Attention

As of June 30, 2025, the Isaac ROS Buildfarm for Isaac ROS 2.1 on Ubuntu 20.04 Focal is no longer supported.

Due to an isolated infrastructure event, all ROS 2 Humble Debian packages that were previously built for Ubuntu 20.04 are no longer available in the Isaac Apt Repository. All artifacts for Isaac ROS 3.0 and later are built and maintained with a more robust pipeline.

Users are encouraged to migrate to the latest version of Isaac ROS. The source code for Isaac ROS 2.1 continues to be available on the release-2.1 branches of the Isaac ROS GitHub repositories.

The original documentation for Isaac ROS 2.1 is preserved below.

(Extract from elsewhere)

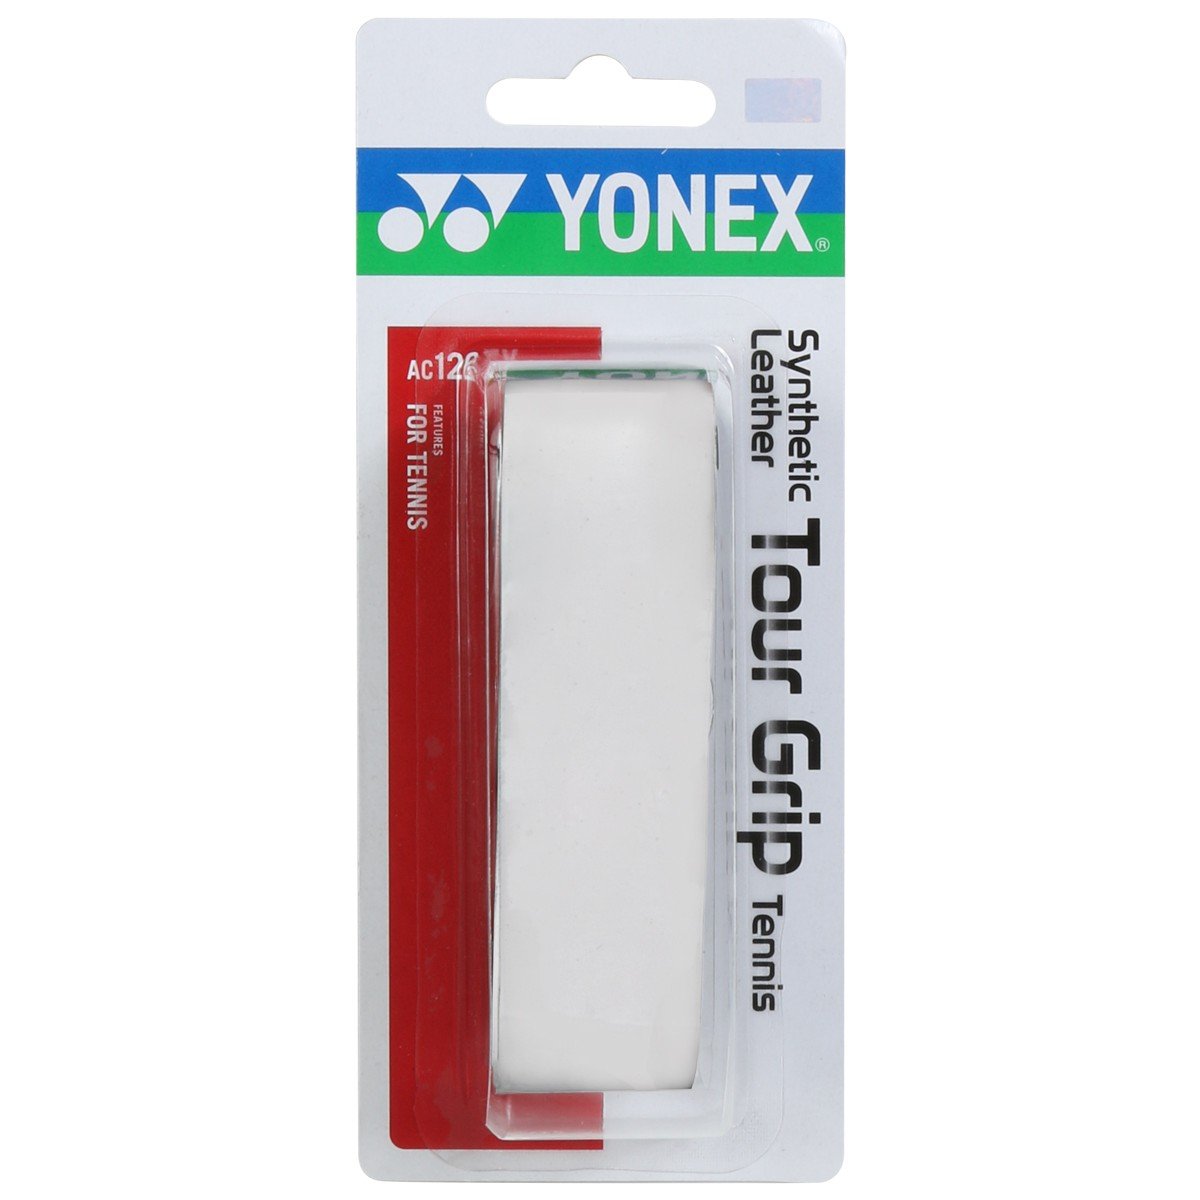 Owijka bazowa Yonex Synthetic Leather Tour Grip biała
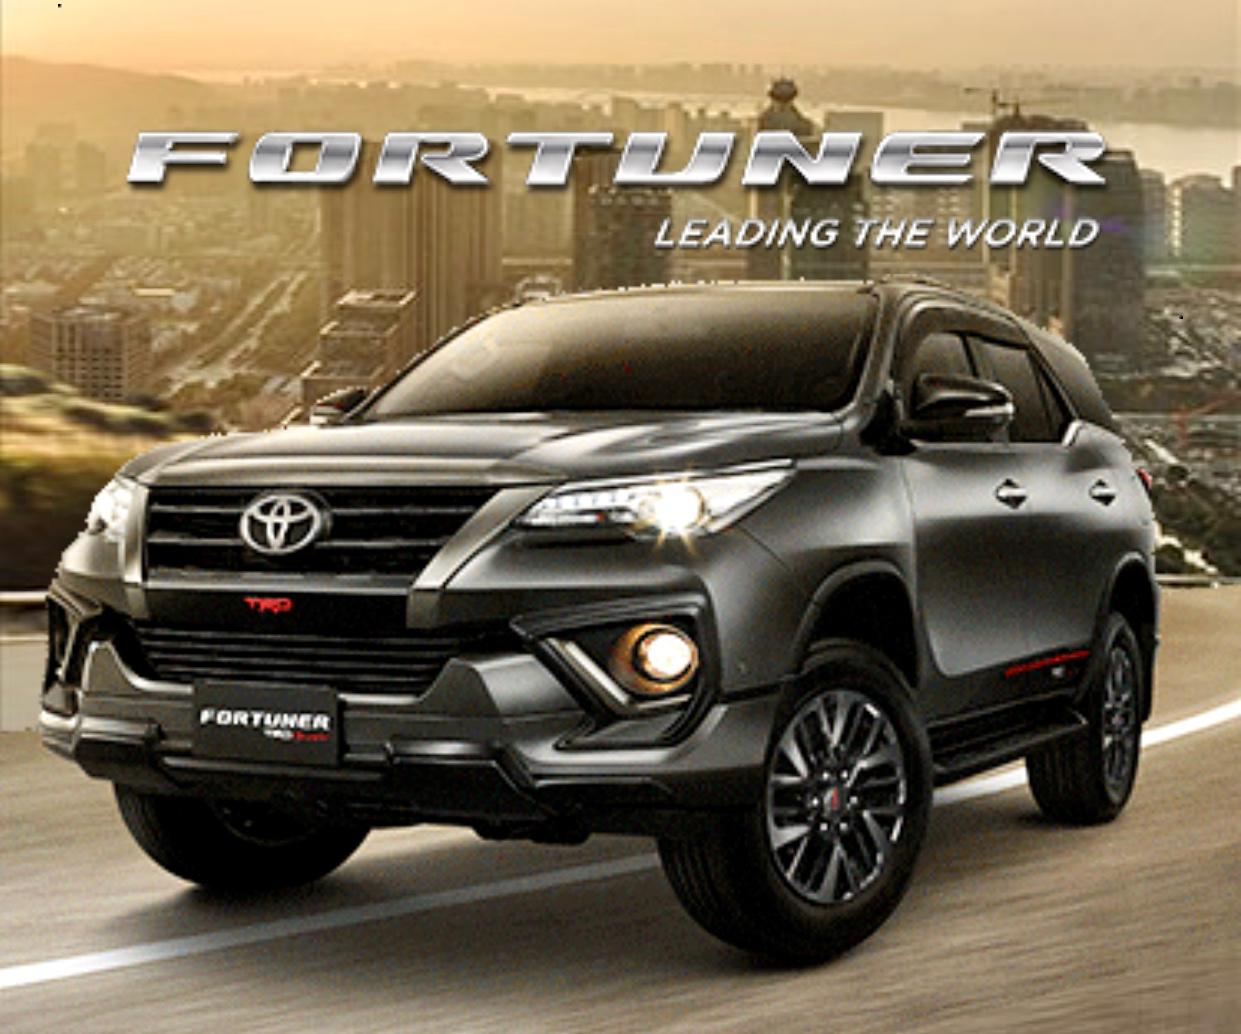 Toyota AStrido - Keunggulan Toyota Fortuner sebagai SUV Terbaik untuk Keluarga

Using DOPE at Different Image Resolutions

Overview

The DOPE network architecture, as outlined in the original paper, can receive input images of arbitrary size and subsequently produce output belief maps of the corresponding dimensions.

However, the ONNX format used to run this network on Triton or TensorRT is not as flexible, and an ONNX-exported model does NOT support arbitrary image sizes at inference time. Instead, the desired input image dimensions must be explicitly specified when preparing the ONNX file using the dope_converter.py script, as referenced in the quickstart.

Tutorial Walkthrough

  1. Follow steps 1-6 of the main DOPE quickstart.

  2. At step 7, run the dope_converter.py script with the two additional arguments row and col specifying the desired input image size:

    python3 /workspaces/isaac_ros-dev/src/isaac_ros_pose_estimation/isaac_ros_dope/scripts/dope_converter.py --format onnx --input /tmp/models/Ketchup.pth --row 1080 --col 1920
    
  3. Proceed through steps 8-9.

  4. At step 10, launch the ROS 2 launch file with two additional arguments network_image_height and network_image_width specifying the desired input image size:

    ros2 launch isaac_ros_dope isaac_ros_dope_tensor_rt.launch.py model_file_path:=/tmp/models/Ketchup.onnx engine_file_path:=/tmp/models/Ketchup.plan network_image_height:=1080 network_image_width:=1920 input_image_height:=1080 input_image_width:=1920
    
  5. Continue with the rest of the quickstart. You should now be able to detect poses in images of your desired size.